What to do - After finding the line with "This is an early", restate it and each remaining line of the material word for word, omitting every picture.

Given material -
- Opening Delimiter -

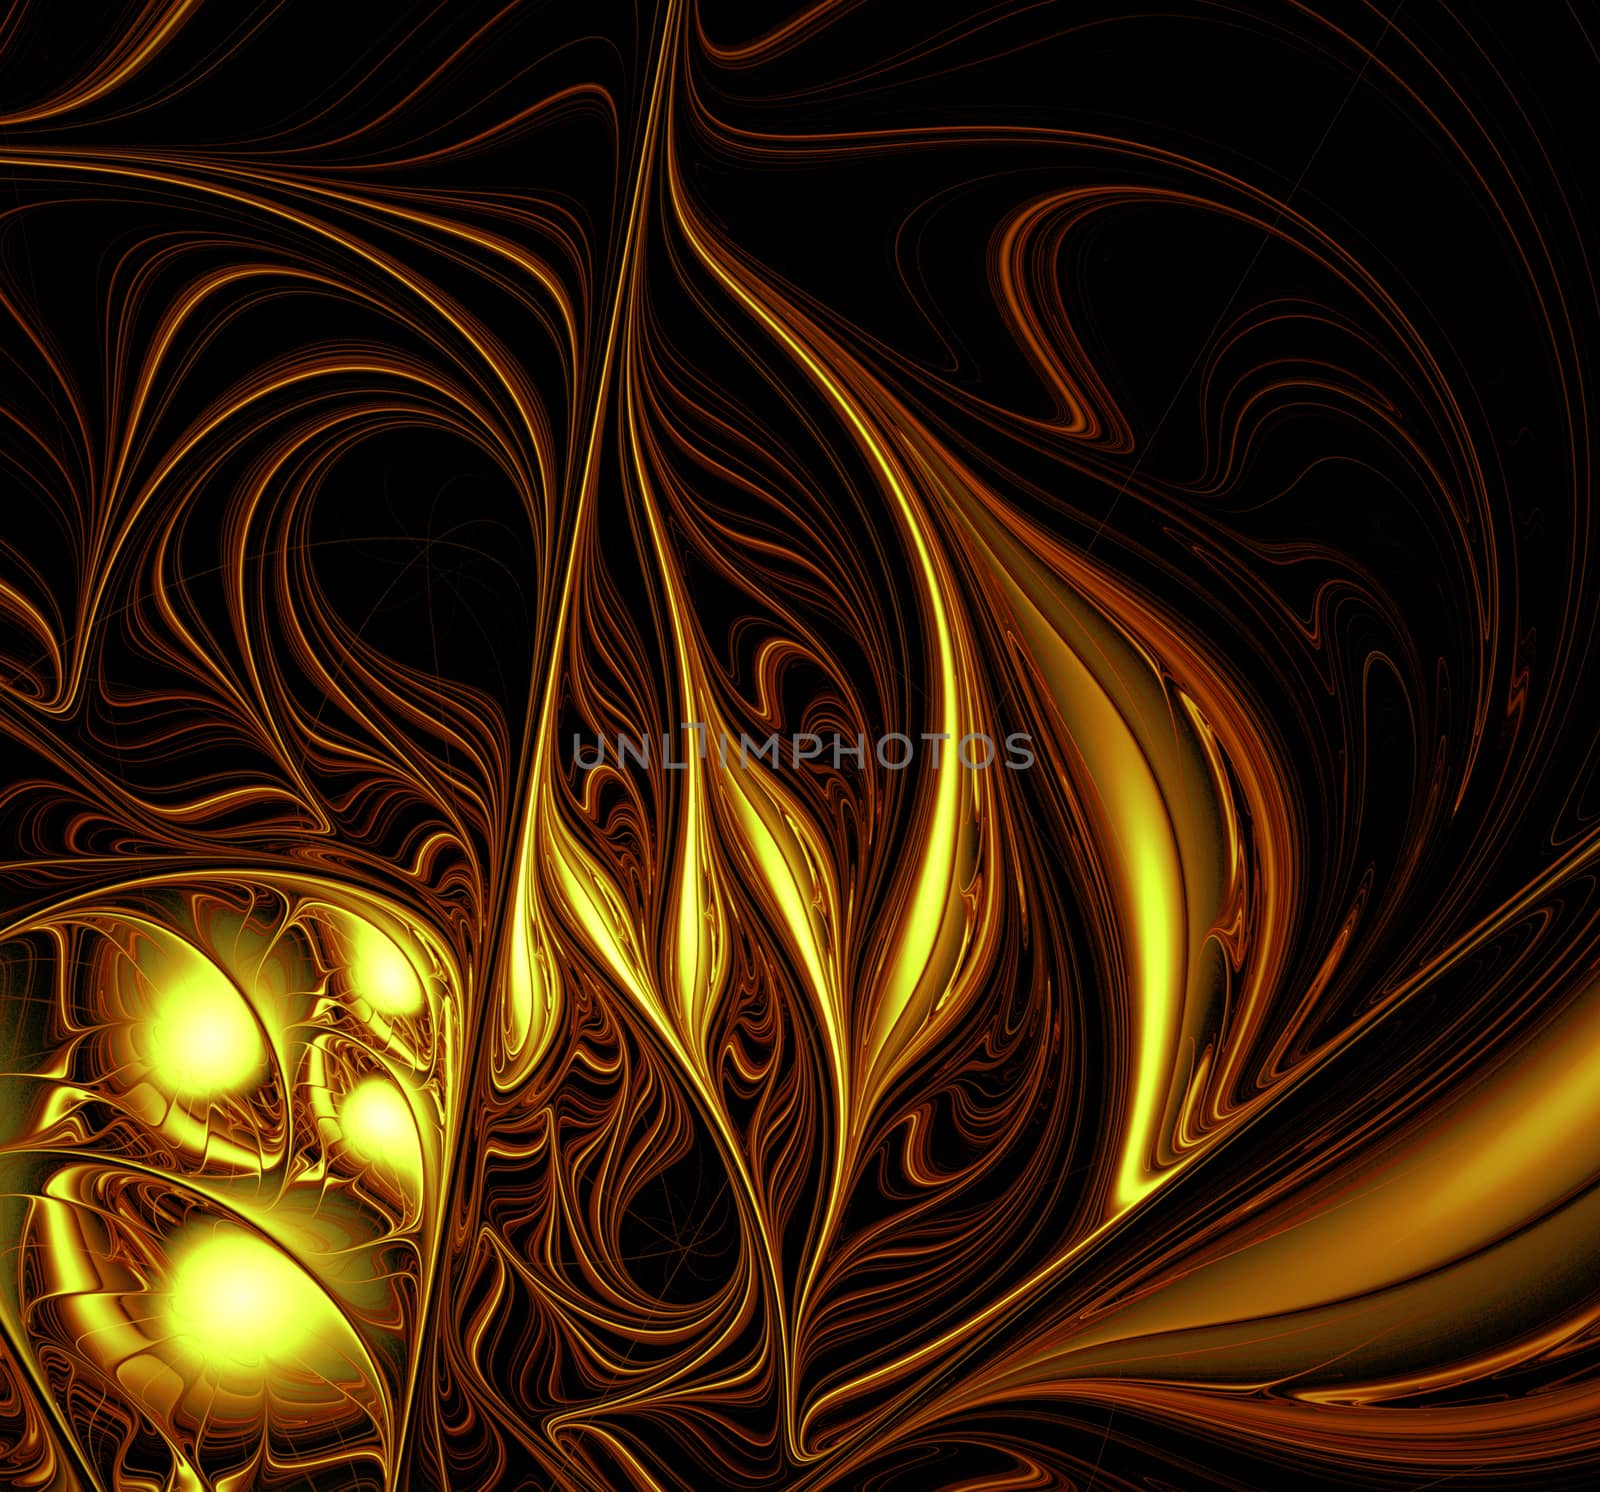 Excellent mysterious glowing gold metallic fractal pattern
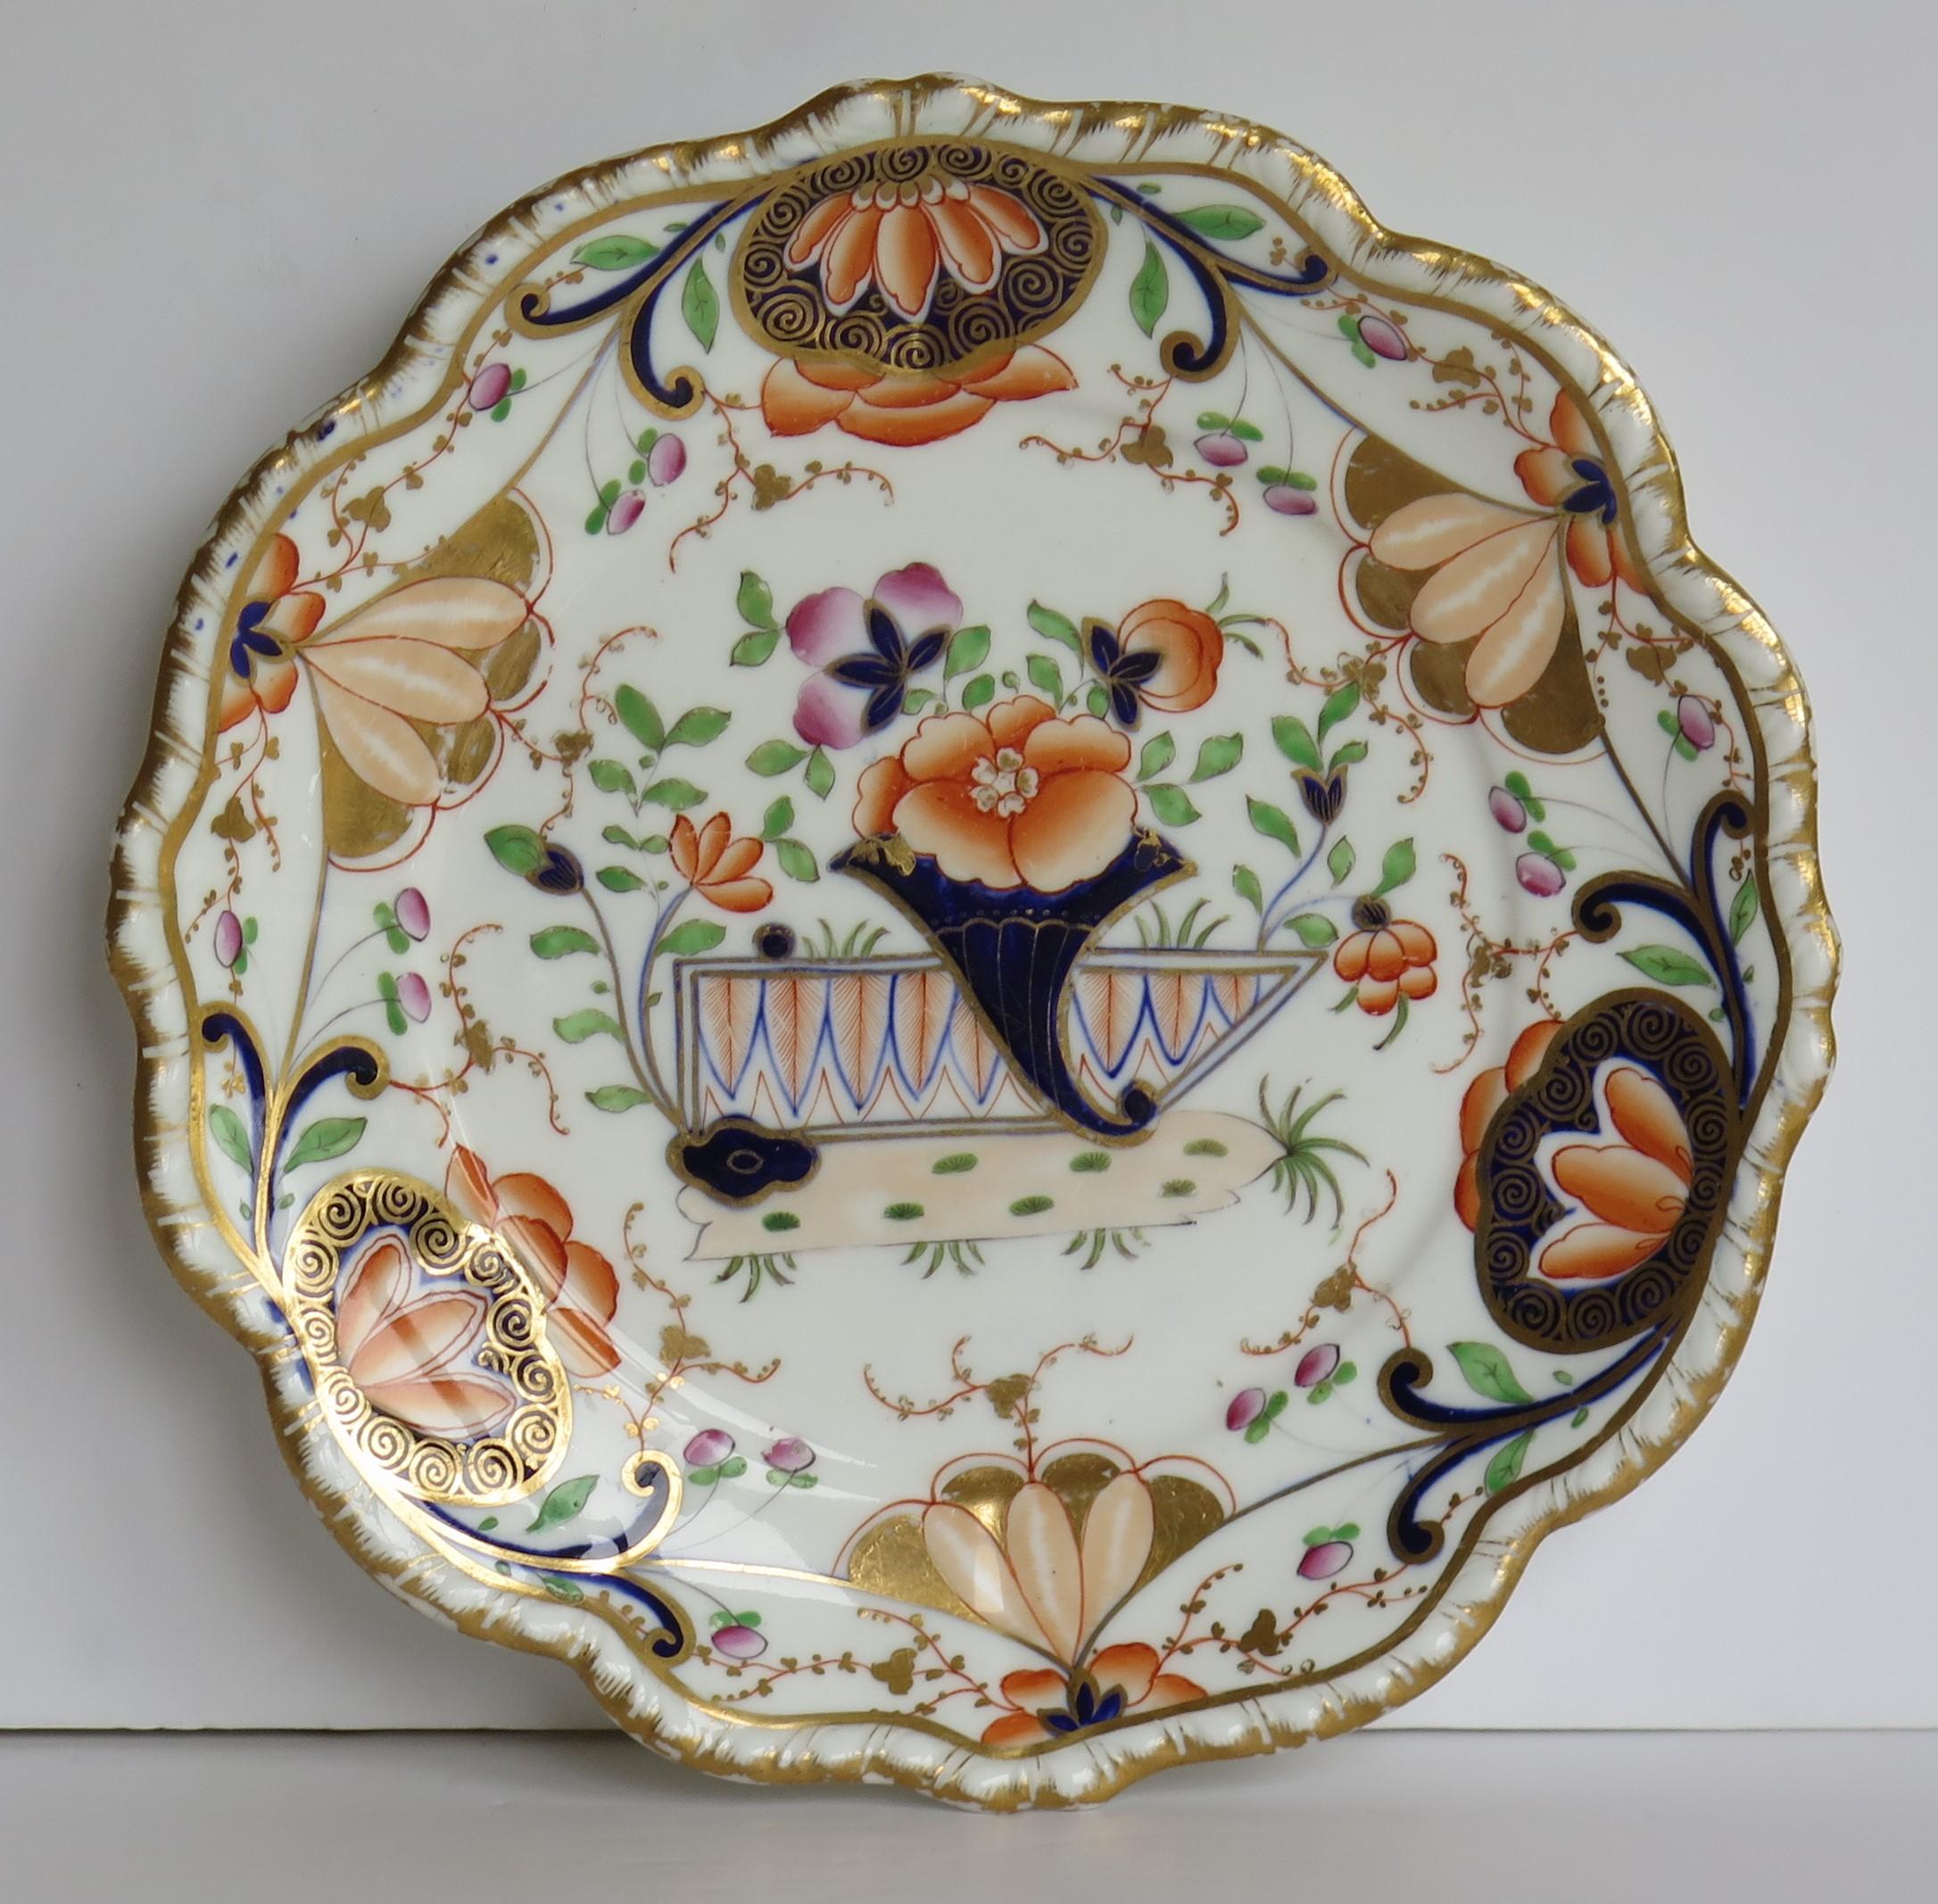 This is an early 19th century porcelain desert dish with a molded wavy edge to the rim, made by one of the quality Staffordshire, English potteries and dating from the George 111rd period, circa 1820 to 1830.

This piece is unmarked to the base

- Closing Delimiter -

Exercise solution -
 This is an early 19th century porcelain desert dish with a molded wavy edge to the rim, made by one of the quality Staffordshire, English potteries and dating from the George 111rd period, circa 1820 to 1830.

This piece is unmarked to the base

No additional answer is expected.